If more than one reference is provided into <reference_file>, then it runs select_ref_whole.py, which selects the best reference sequence for each FASTQ file.
Align sampled reads against reference with smalt. In the first iteration, to help "anchor"
Create consensus with freebayes.
Create VCF (variant calling format) with lofreq.
Calculate depth with samtools.
If max number of iteration reached, call the final consensus sequence using final vcf file and the given ambiguity threshold. Otherwise, repeat from step 4.
cov_plot.R plots the coverage of all iterations.
wts.R combines consensus sequence, variants and coverage for the last iteration.

Multiple useful references are in the References directory. Further information about cov_plot.R and wts.R is provided below.

SmaltAlign also offers the option to proxess influenza sequences and analyse each of the segments.
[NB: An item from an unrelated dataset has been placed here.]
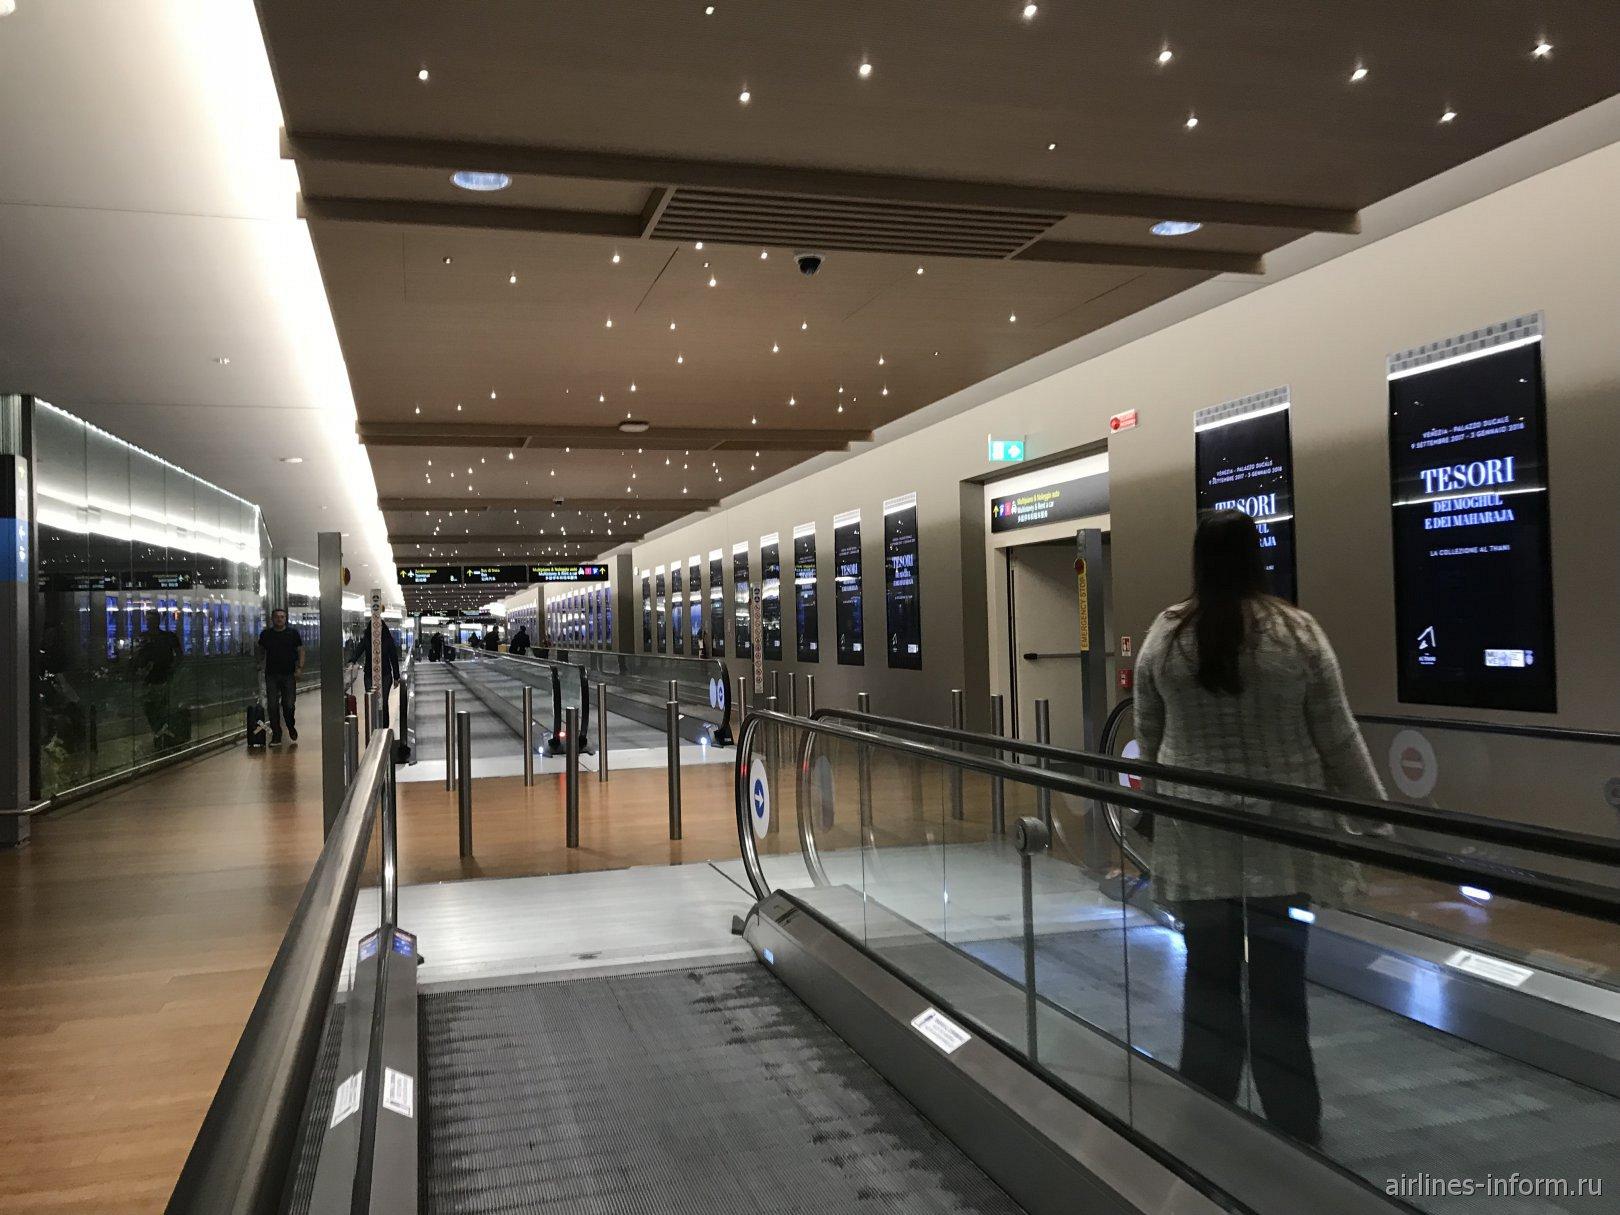 Переход в аэропорту Венеция Марко Поло

This is done with the batch_influenza.sh script as follows:

Iteration over all .fastq.gz files in the current directory.
Create a folder for each sample containing segment 1-8 subfolders.
If a reference folder containing a reference per segment is not provided or does not exist, then it runs select_ref_segments.py, which selects the best reference sequence for each segment from a Influenza reference database (selected sequences from the NCBI Influenza Virus Database)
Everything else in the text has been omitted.